DATA EXCERPT:

-- -- --

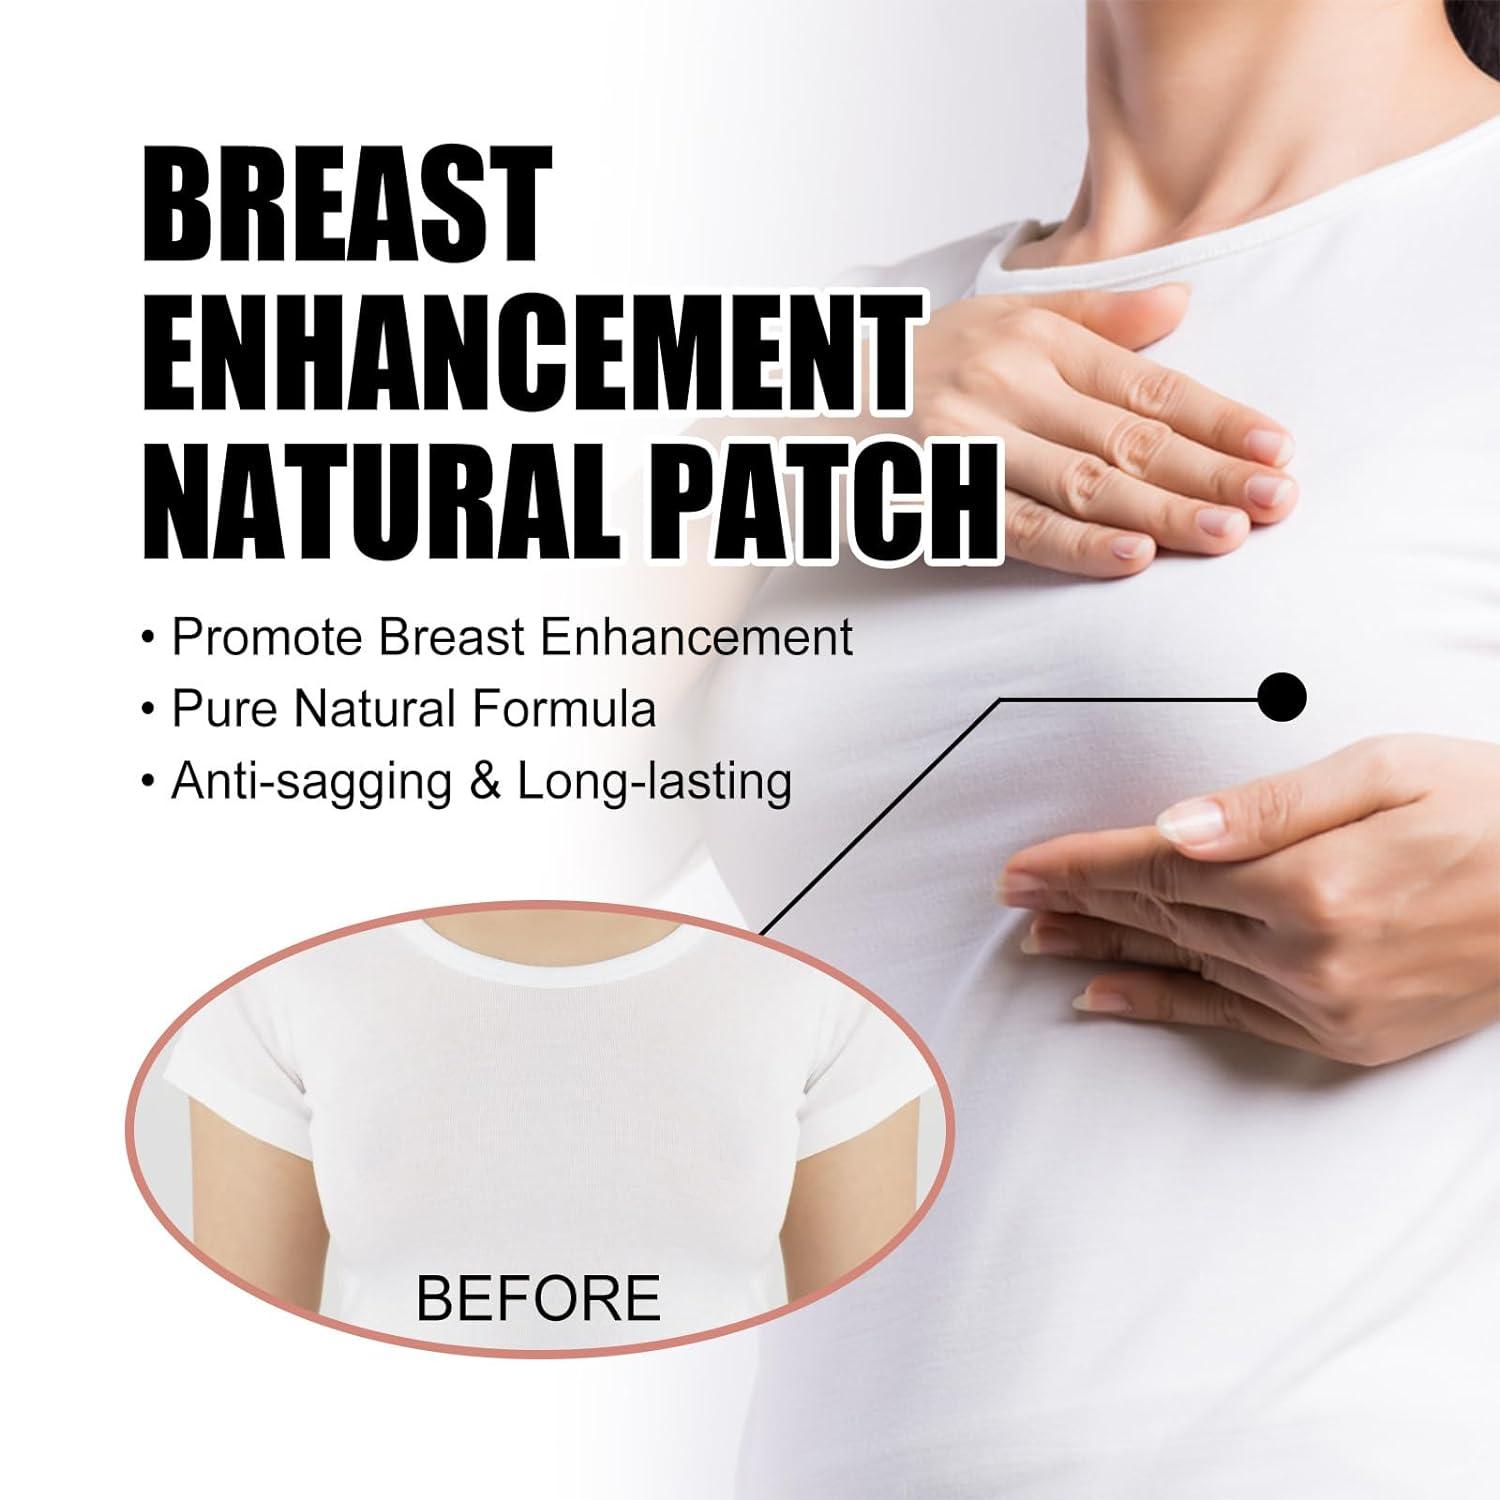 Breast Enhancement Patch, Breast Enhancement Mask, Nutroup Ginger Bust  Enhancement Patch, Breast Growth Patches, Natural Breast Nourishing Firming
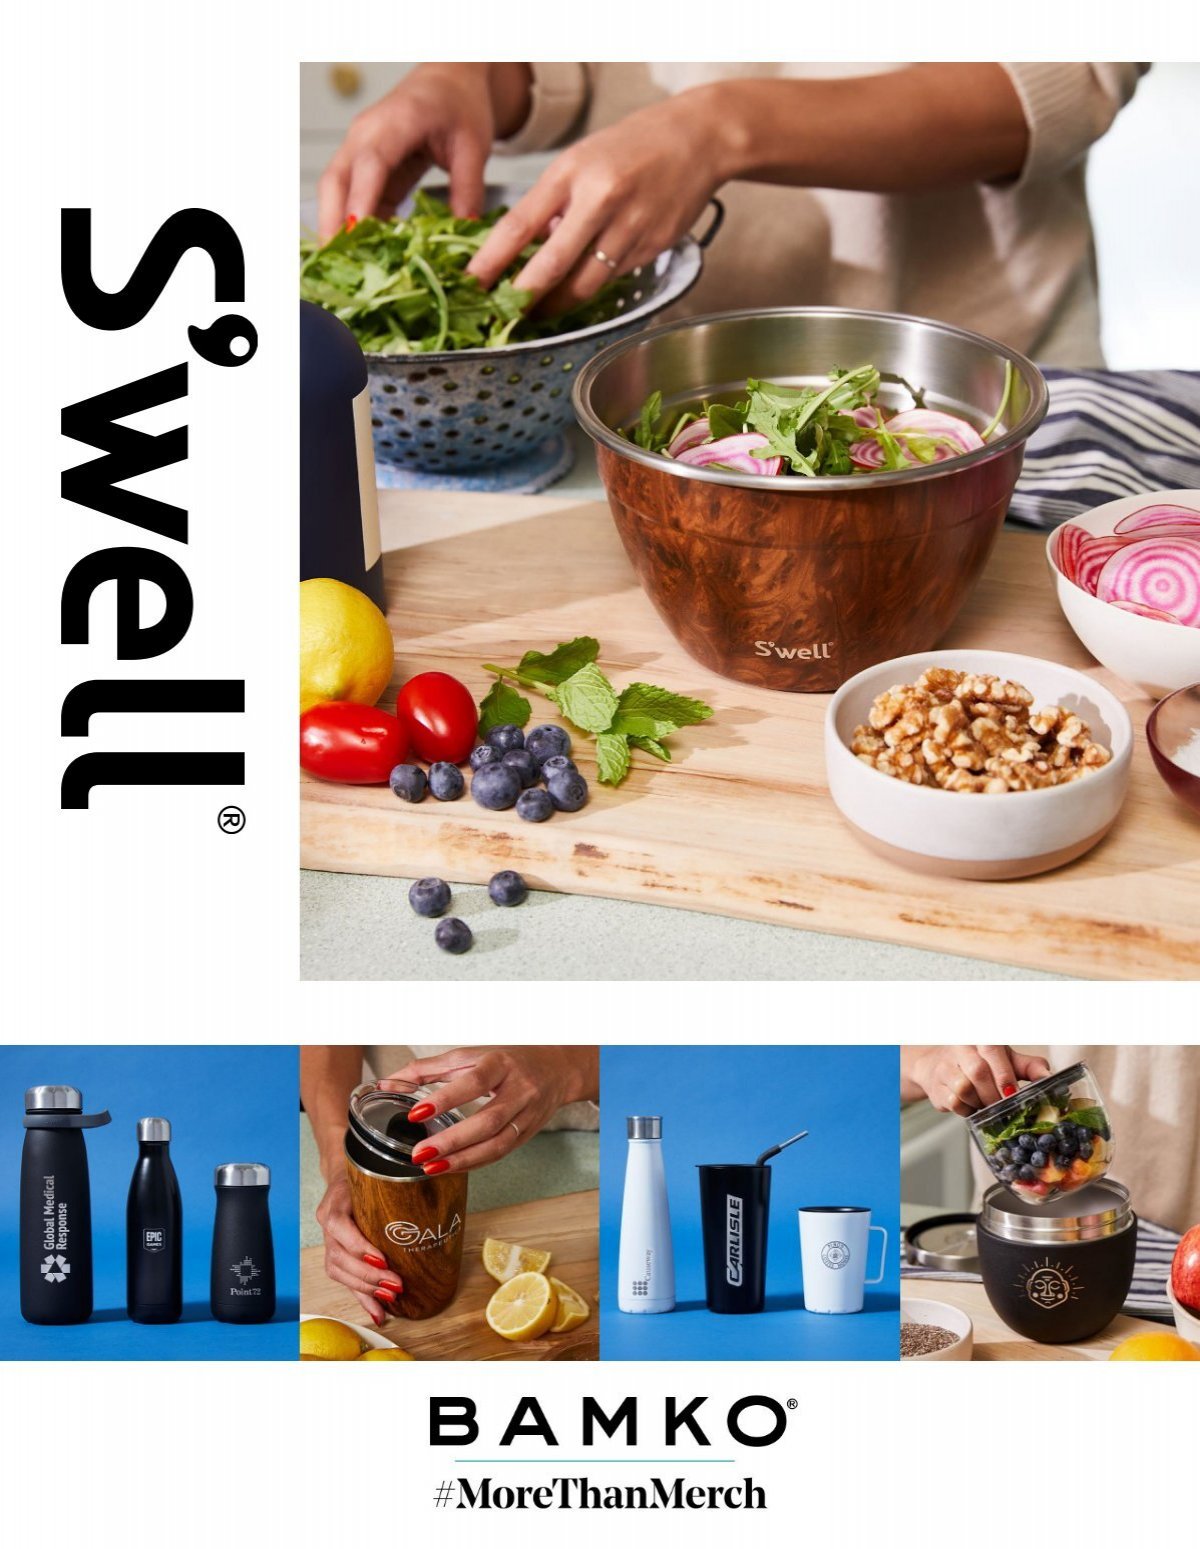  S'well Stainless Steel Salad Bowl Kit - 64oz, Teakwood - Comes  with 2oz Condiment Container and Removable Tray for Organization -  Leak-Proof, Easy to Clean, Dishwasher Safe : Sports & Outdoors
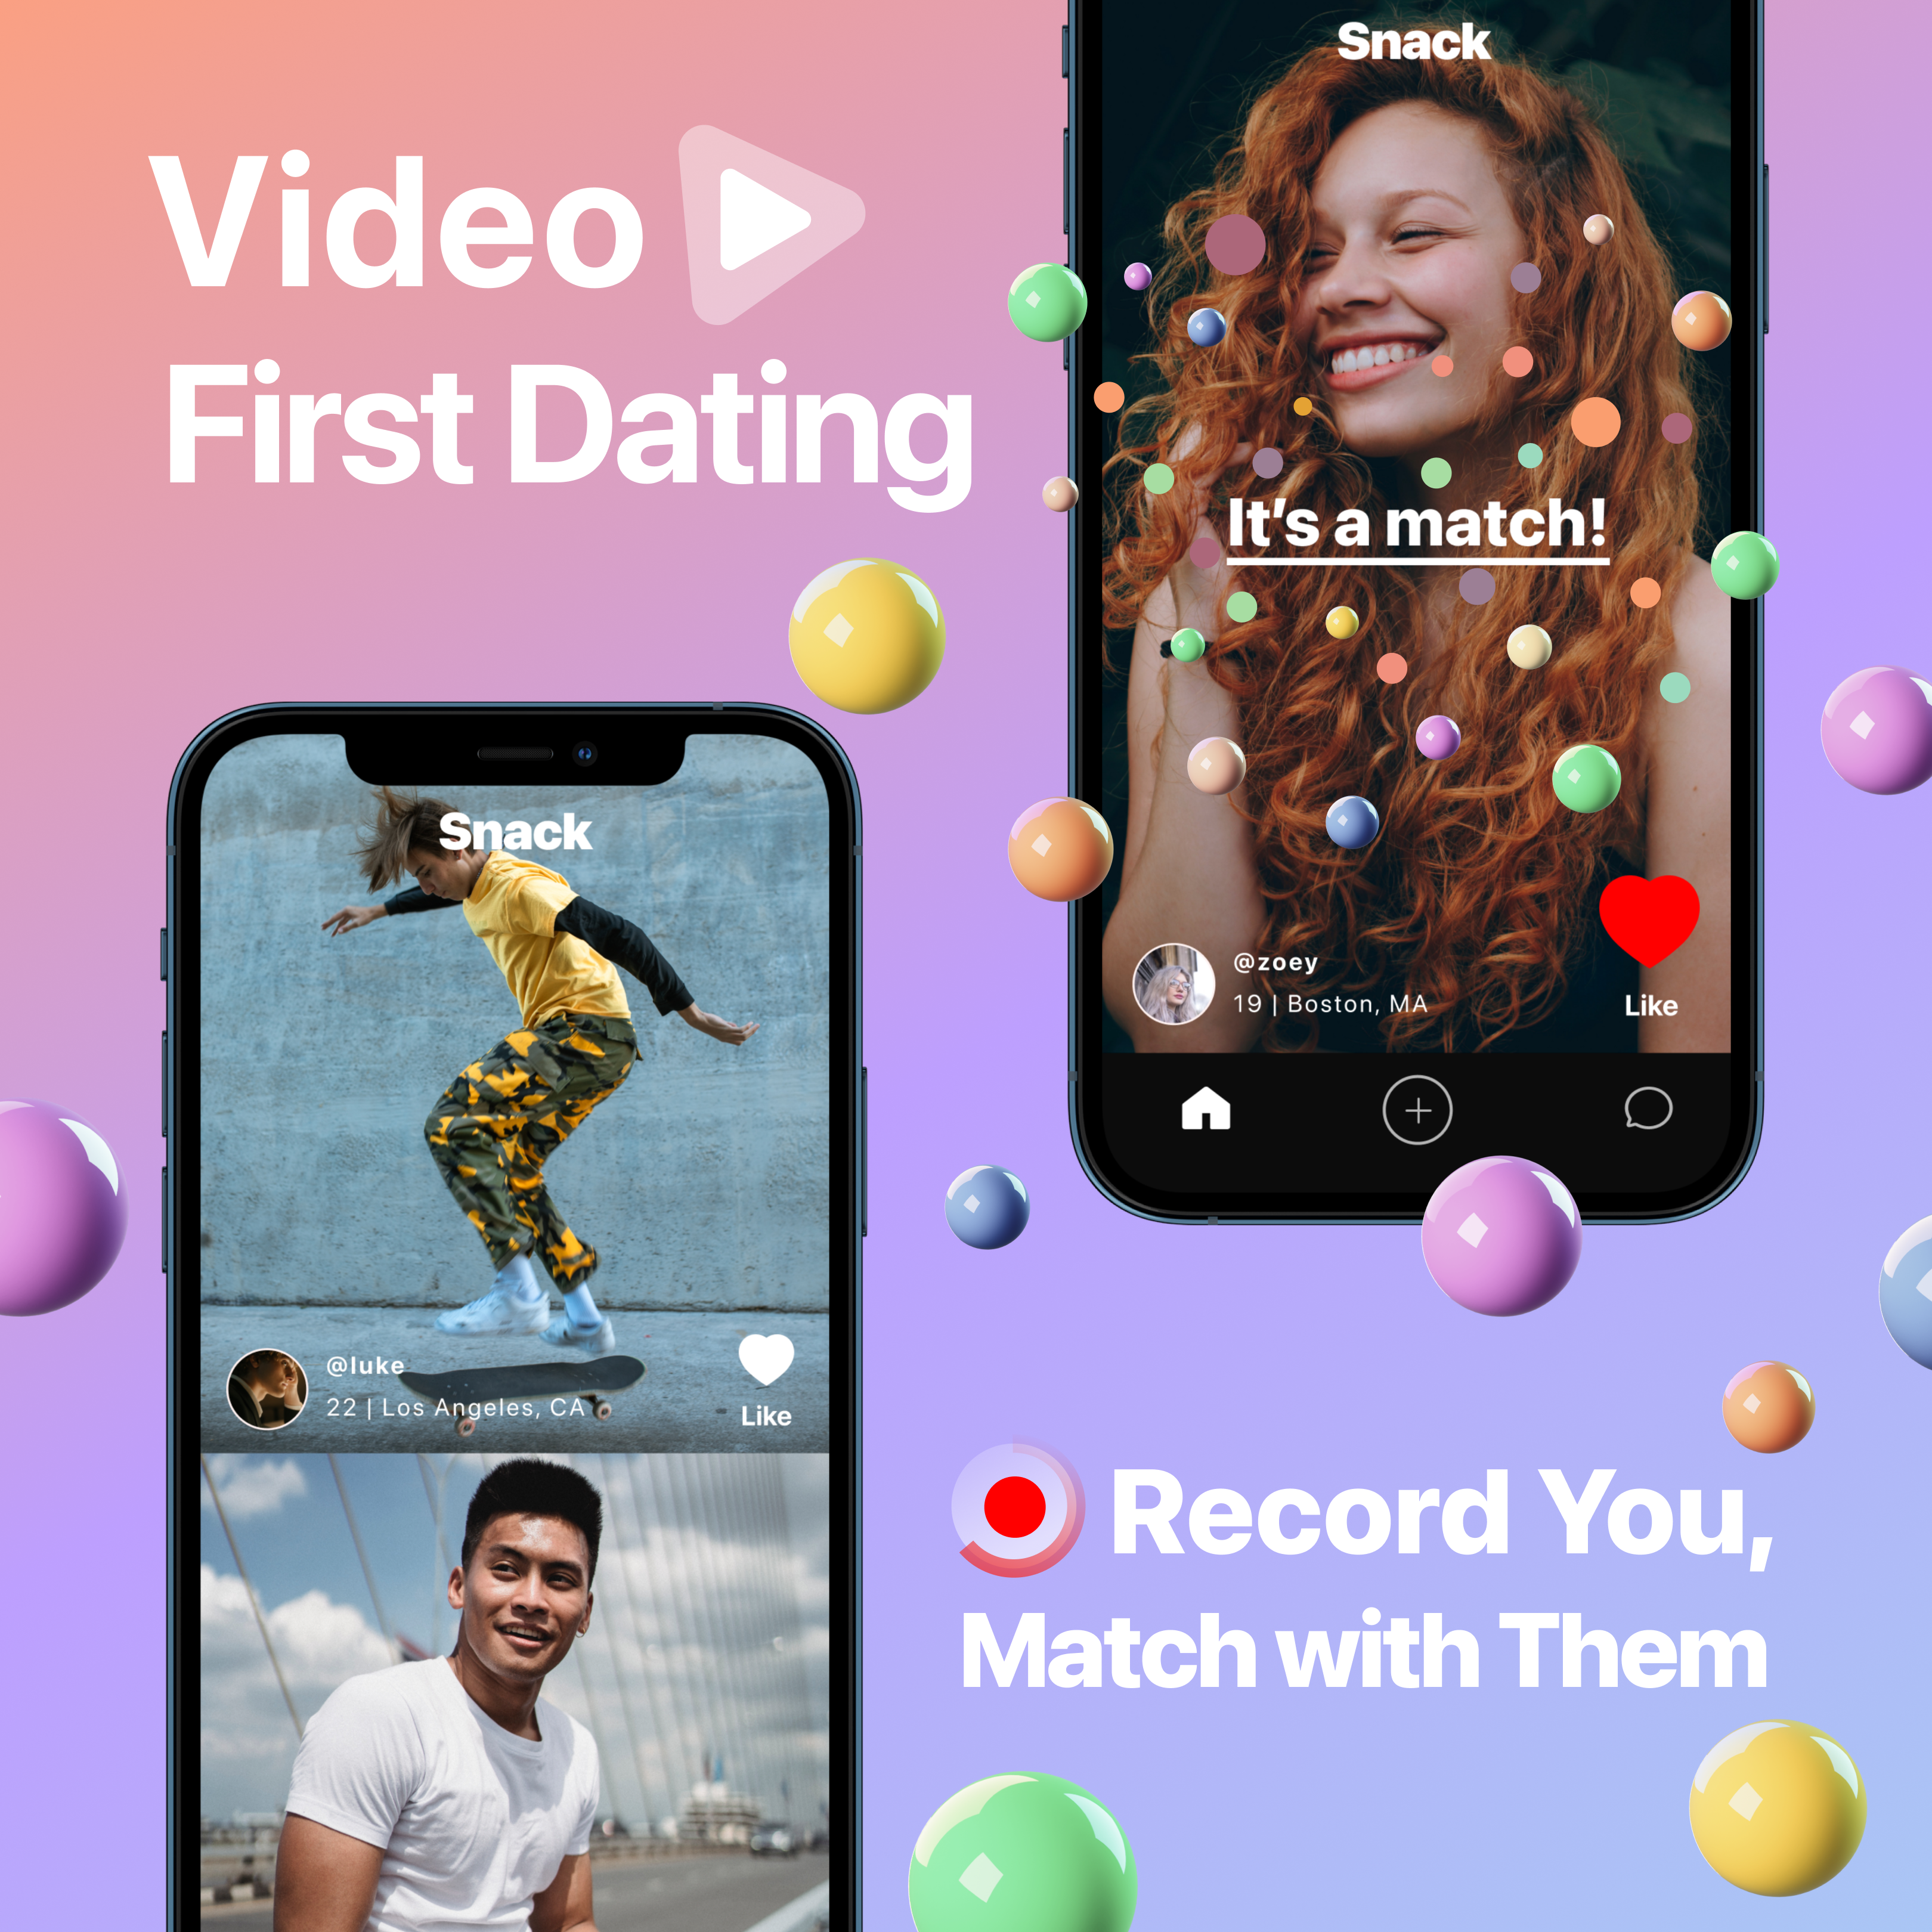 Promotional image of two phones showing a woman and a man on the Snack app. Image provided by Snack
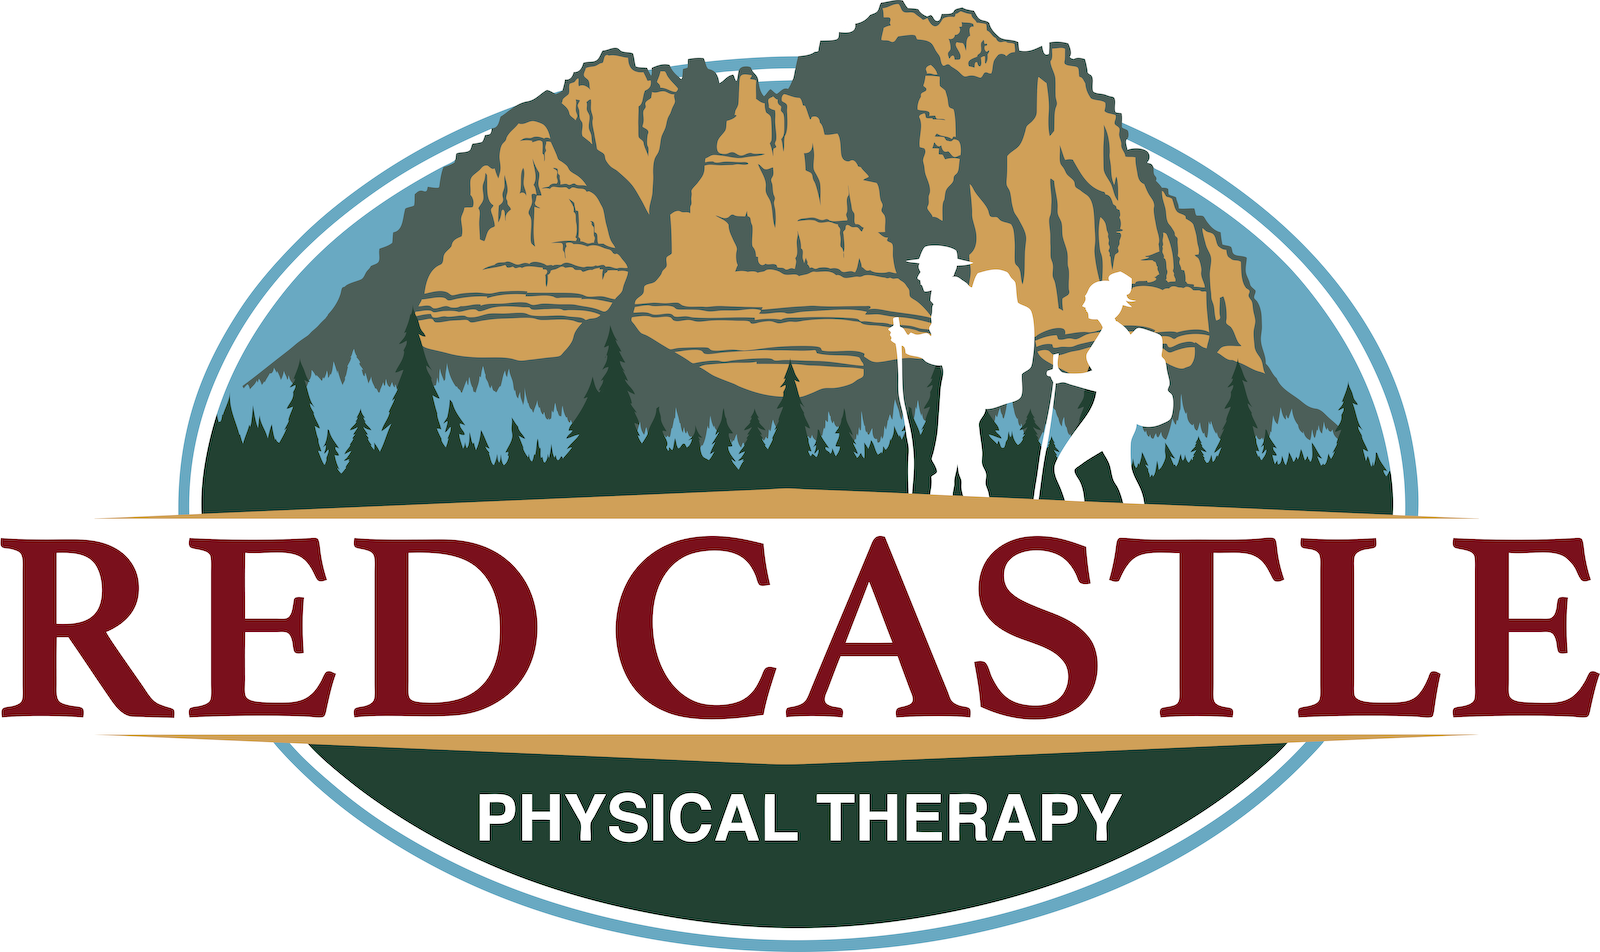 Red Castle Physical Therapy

-- -- --

WHAT THE EXERCISE ASKS: Repeat every line above exactly, minus the pictures.

RESPONSE FOR THIS EXERCISE:
 Breast Enhancement Patch, Breast Enhancement Mask, Nutroup Ginger Bust  Enhancement Patch, Breast Growth Patches, Natural Breast Nourishing Firming
  S'well Stainless Steel Salad Bowl Kit - 64oz, Teakwood - Comes  with 2oz Condiment Container and Removable Tray for Organization -  Leak-Proof, Easy to Clean, Dishwasher Safe : Sports & Outdoors
 Promotional image of two phones showing a woman and a man on the Snack app. Image provided by Snack
 Red Castle Physical Therapy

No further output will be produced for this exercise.